We’ve alluded to the fact that they could do that in their existing refining facilities, but this would require very thoughtful incentives that would basically admit that we’re going to be using fossil carbon for a while. We must get over this, this purity situation, where there is this very in vogue desire for zero emission vehicles. A scale could be achieved because we have big players in the oil majors that could really move this forward.
What is happening right now also is the demand signal is not getting to the agriculture sector. We’re not seeing the investment, particularly in places with lots of either degraded or underutilized land, whether in Africa, Eastern Europe, Central Asia, Southeast Asia, etc. And so there must be this systems transformation to reap the benefits of a global bio economy.

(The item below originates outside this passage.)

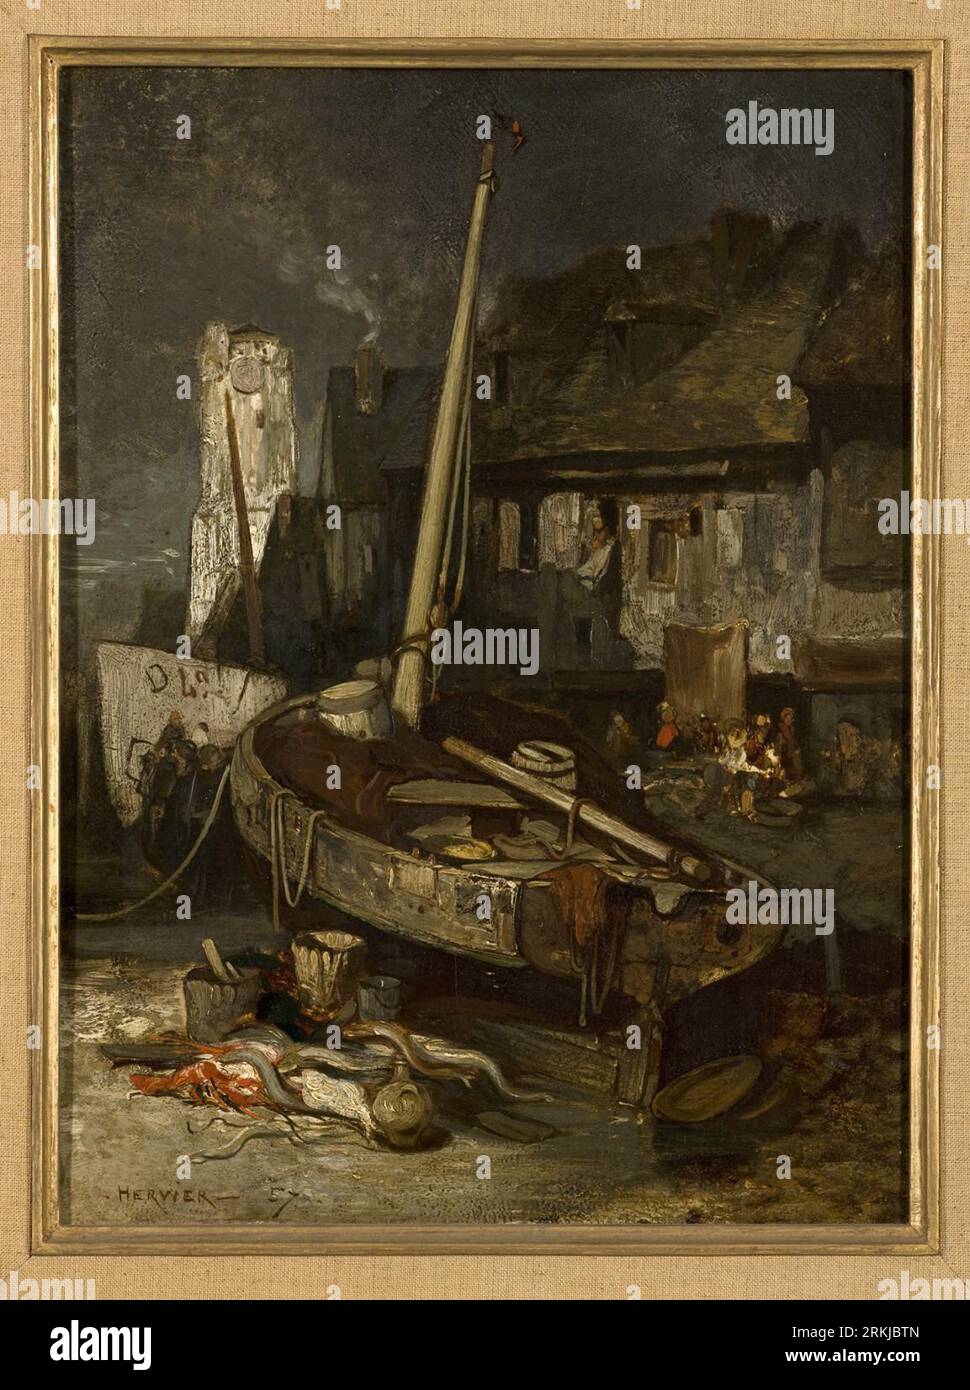 La barque échoué 1857 by Adolphe Hervier Stock Photo

Doug Faulkner: I’d say, are those the right policies? Not really, not now. I think those were good measures once and they achieved some progress, but I think they were written for a different time and place. The state level is not as powerful as the federal level. They’re too scattered, too diffuse. I think we really need an honest appraisal and an acceptance of where we are and where we need to go to end the addiction oil and look at everything including cutting government regulations. In the end, I think we may well need in the U.S. anyway, some form of a national carbon tax to clear away these old approaches. And there are many of those on the table.

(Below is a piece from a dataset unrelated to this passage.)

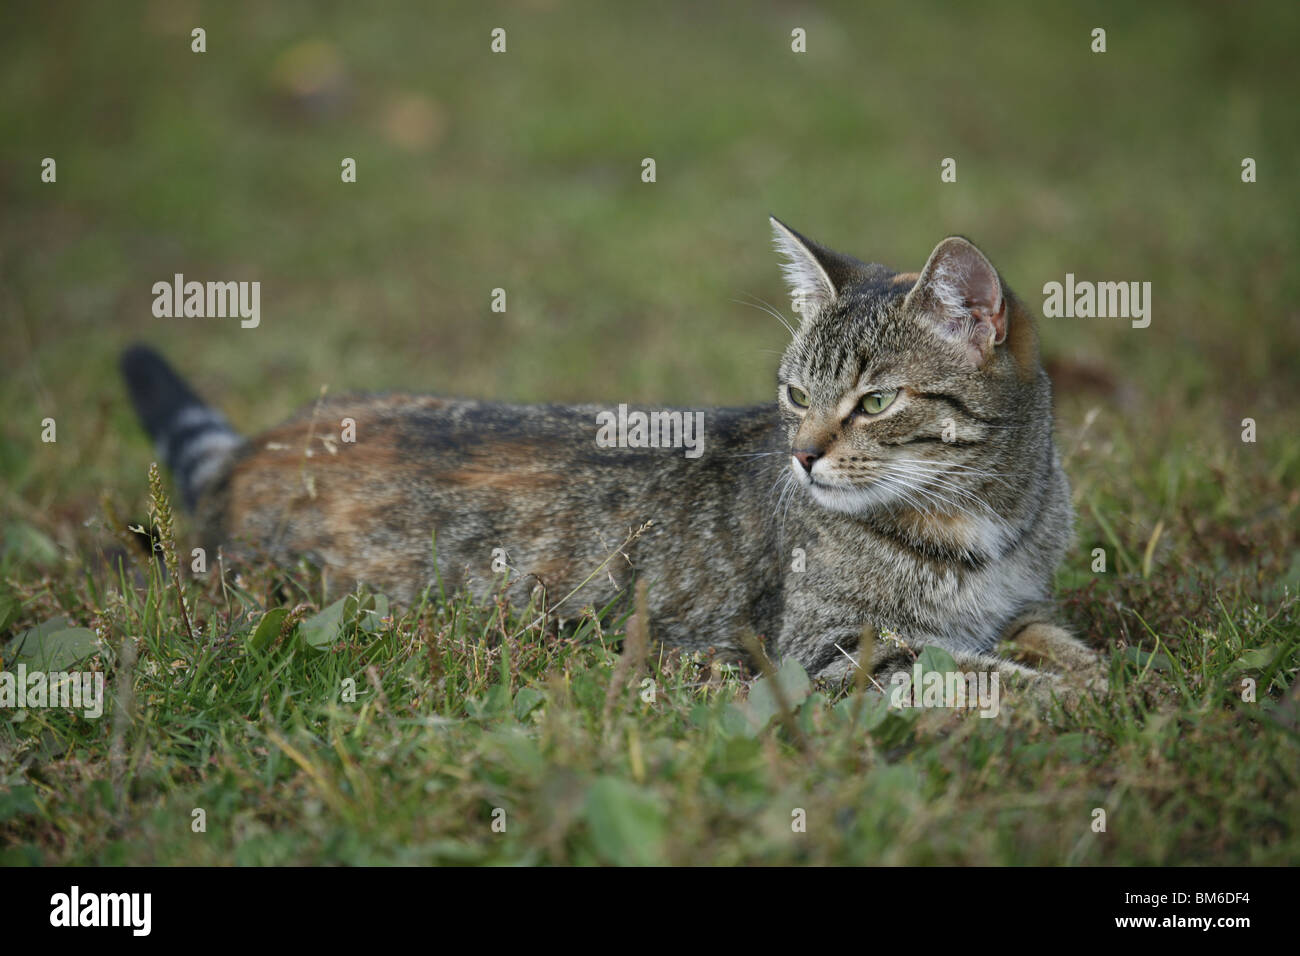 Katze liegt im Gras / cat lying in grass Banque D'Images

Philippe Marchand: Well, if I would have to say something to a politician, I would say the same that I’ve been saying for the last year, which is that basically biofuels are available today, they are reasonably cheap solution compared to the others. And the beauty in into this solution is that it solves three problems that every country has: energy security, jobs and fighting climate change. You’ve got those three pillars: they’ve been there for long time. I mean, in Total, in France, we started producing biofuels in 1993, which is nearly 30 years ago. It makes a lot of sense and everyone benefits from that.